H Yuan, Z Liu, J Zhou, H Qian, JR Wen, Z Dou

Proposes an agentic framework for long video understanding that leverages a text-only large reasoning model combined with a modular multi-modal toolkit. Achieves superior performance over state-of-the-art open-source and proprietary MLLMs, including GPT-4o, Qwen2.5-VL, and others, across a wide range of long video understanding benchmarks.

- MemVid: Memory-enhanced Retrieval Augmentation for Long Video Understanding | Paper | Preprint

H Yuan, Z Liu, M Qin, H Qian, Y Shu, Z Dou, JR Wen

Tackles query-less long-video understanding with a memorizing-reasoning-retrieving-focusing pipeline inspired by human memory.
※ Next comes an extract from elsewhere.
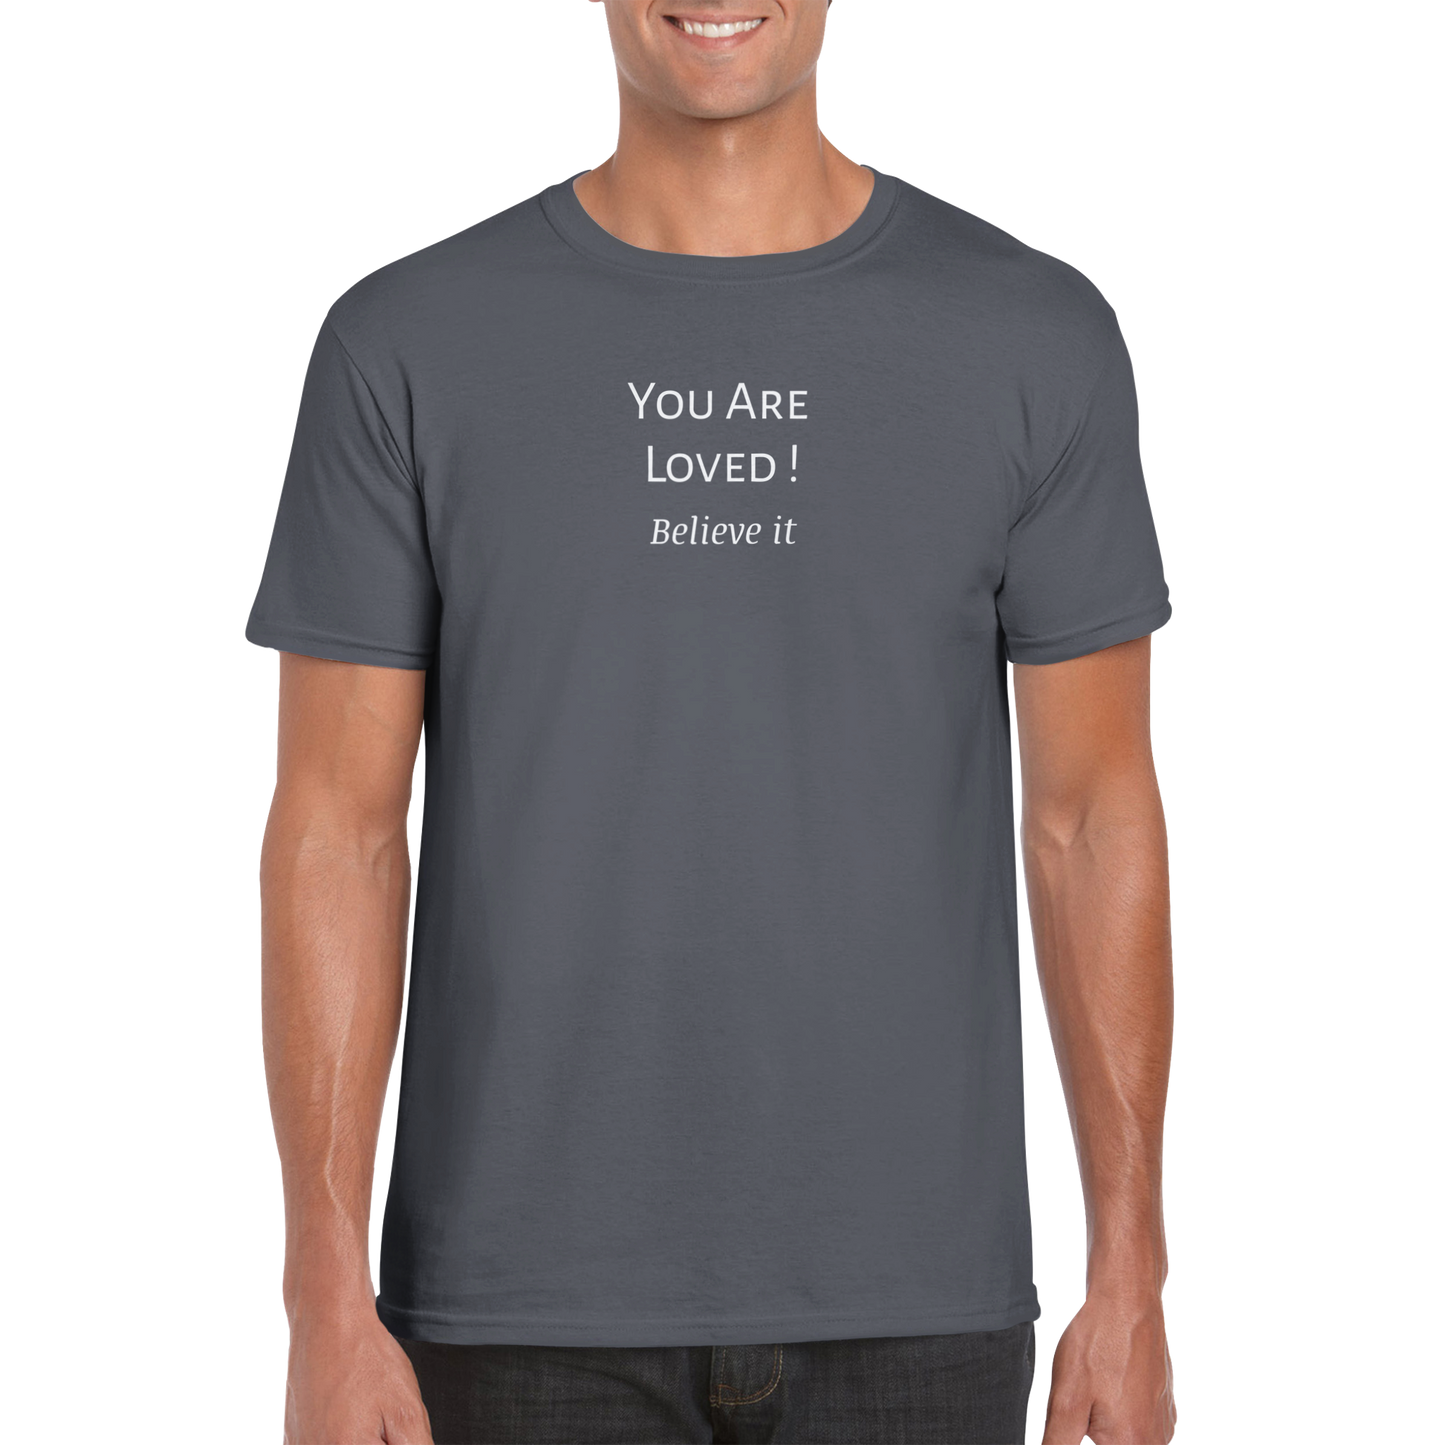 You Are Loved ! T-shirt. Wear it and share it forward.

- MomentSeeker: A Comprehensive Benchmark for Long Video Moment Retrieval | Paper | Preprint

H Yuan, J Ni, Y Wang, J Zhou, Z Liang, Z Liu, Z Cao, Z Dou, JR Wen

Introduces a benchmark with 500s+ videos and diverse tasks; includes an MLLM retriever fine-tuned on synthetic data.
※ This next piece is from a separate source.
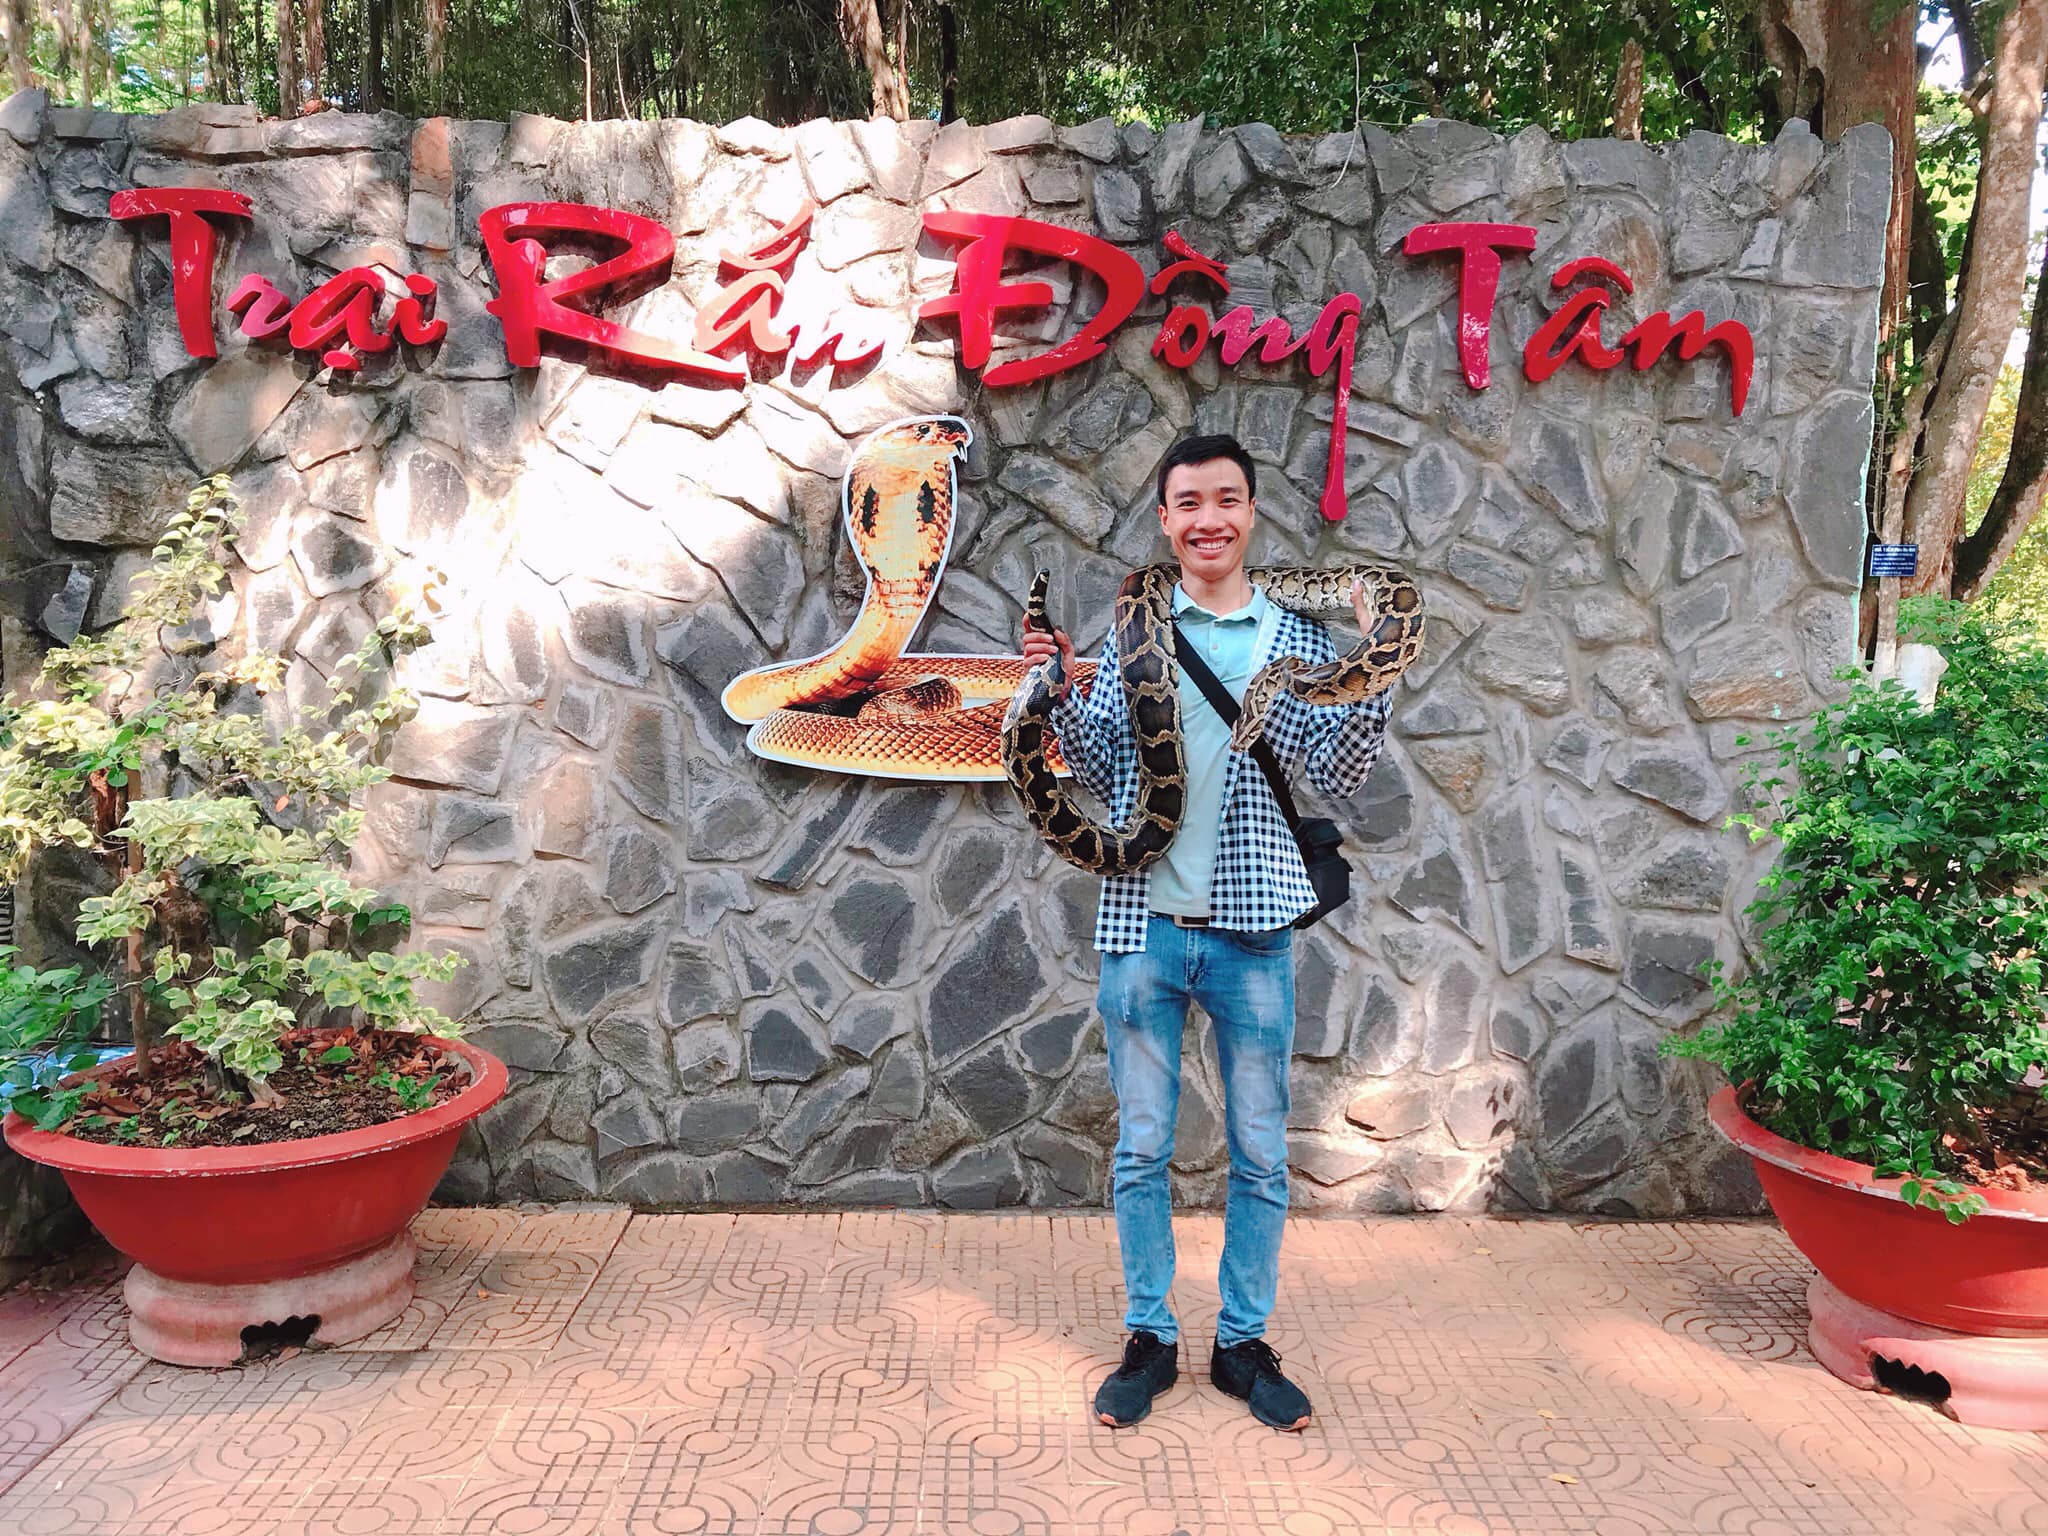 Dong Tam Snake Farm – What to Do in My Tho, Tien Giang

- OmniGen: Unified Image Generation | Paper | CVPR 2025

S Xiao, Y Wang, J Zhou, H Yuan, X Xing, R Yan, S Wang, T Huang, Z Liu

A unified diffusion model that handles text-to-image, image editing, and conditional generation via a simple E2E architecture.


- FineRAG: Fine-grained Retrieval-Augmented Text-to-Image Generation | Paper | COLING 2024

H Yuan, Z Zhao, S Wang, S Xiao, M Ni, Z Liu, Z Dou

Breaks the RAG pipeline into 4 stages: query decomposition, candidate selection, retrieval-augmented diffusion, and self-reflection.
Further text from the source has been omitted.